→ **WHAT TO WORK ON**:
Below this line is a set of entries; quote exactly the lines from the line that contains "A picture of" to the line that contains "A person is", both lines included.

→ **INPUT DATA**:
----------
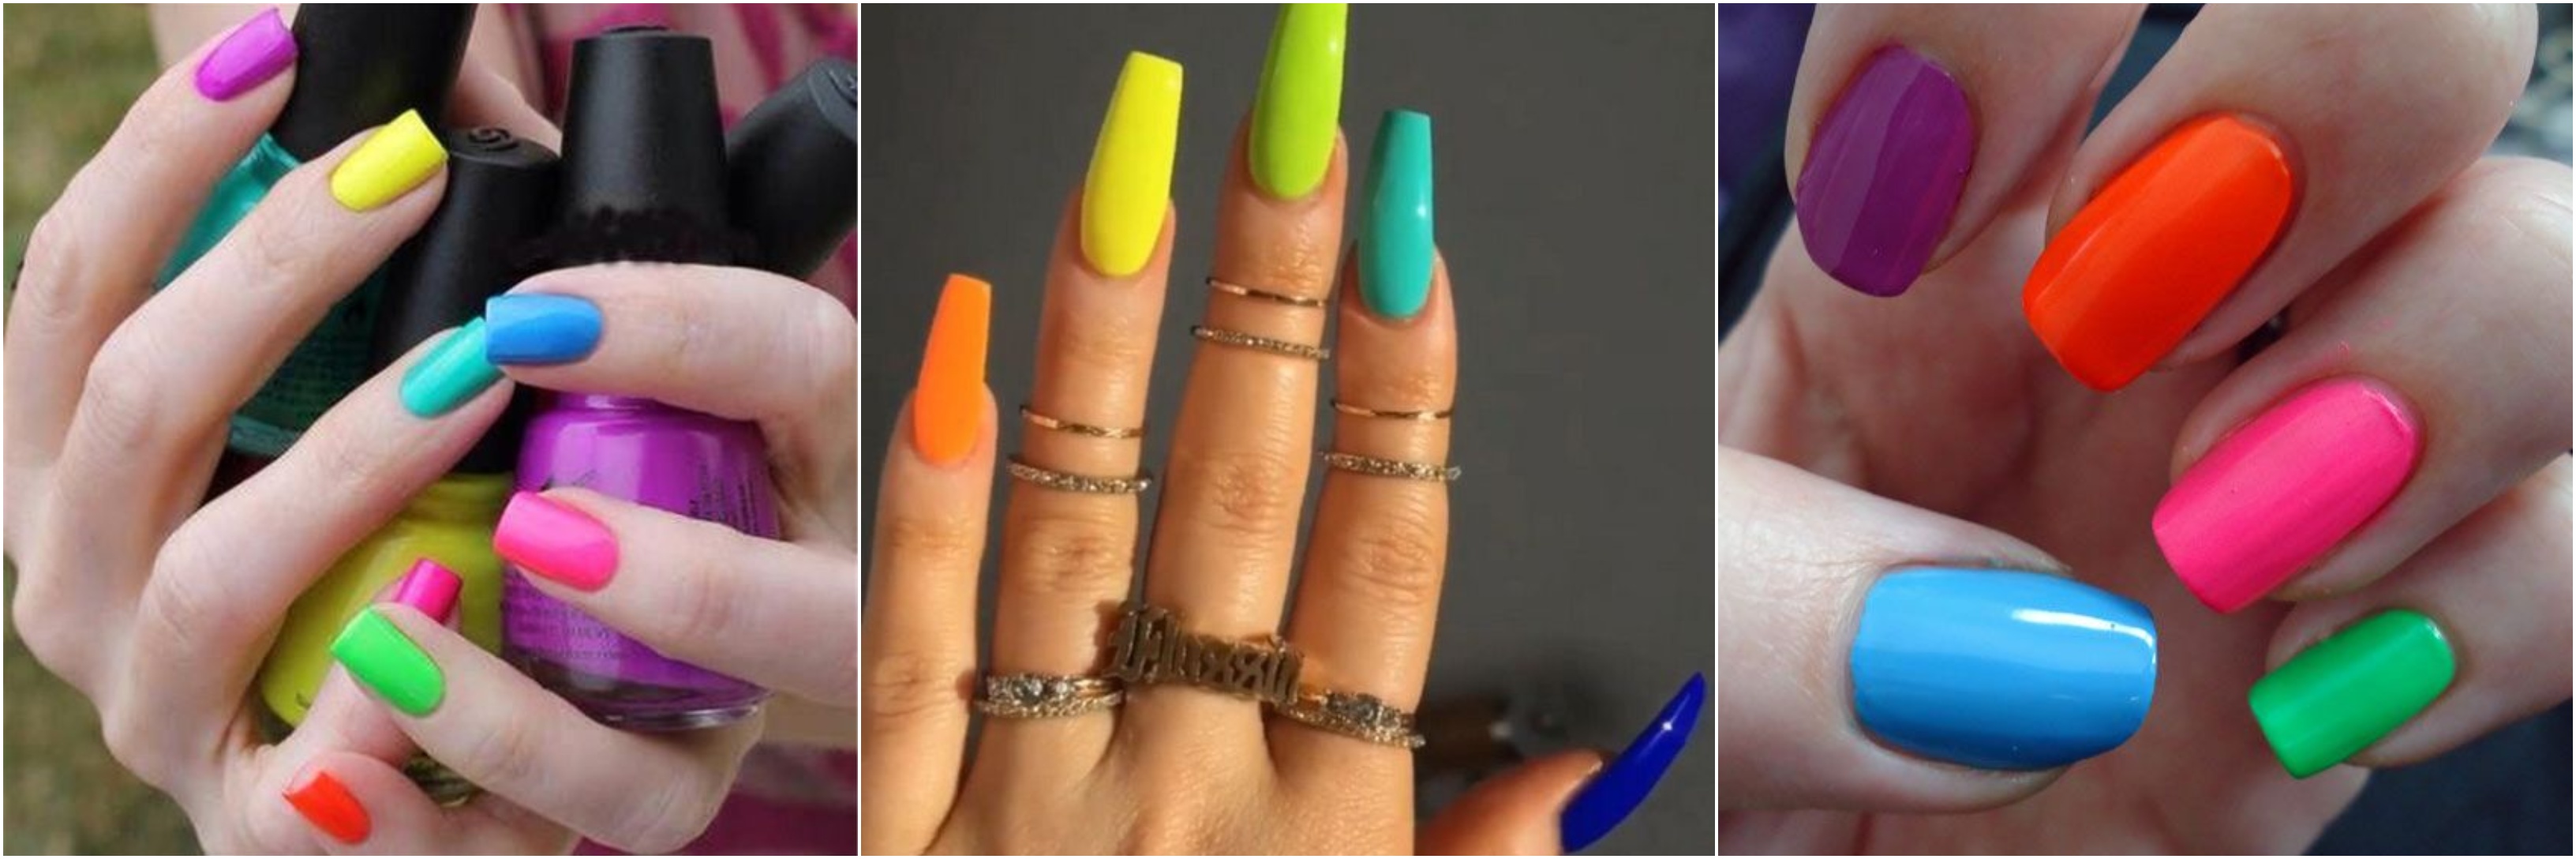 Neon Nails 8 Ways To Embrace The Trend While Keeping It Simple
----------
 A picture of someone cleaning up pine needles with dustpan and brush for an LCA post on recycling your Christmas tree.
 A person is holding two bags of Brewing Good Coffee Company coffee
----------
→ **WRITTEN SOLUTION**:
 A picture of someone cleaning up pine needles with dustpan and brush for an LCA post on recycling your Christmas tree.
 A person is holding two bags of Brewing Good Coffee Company coffee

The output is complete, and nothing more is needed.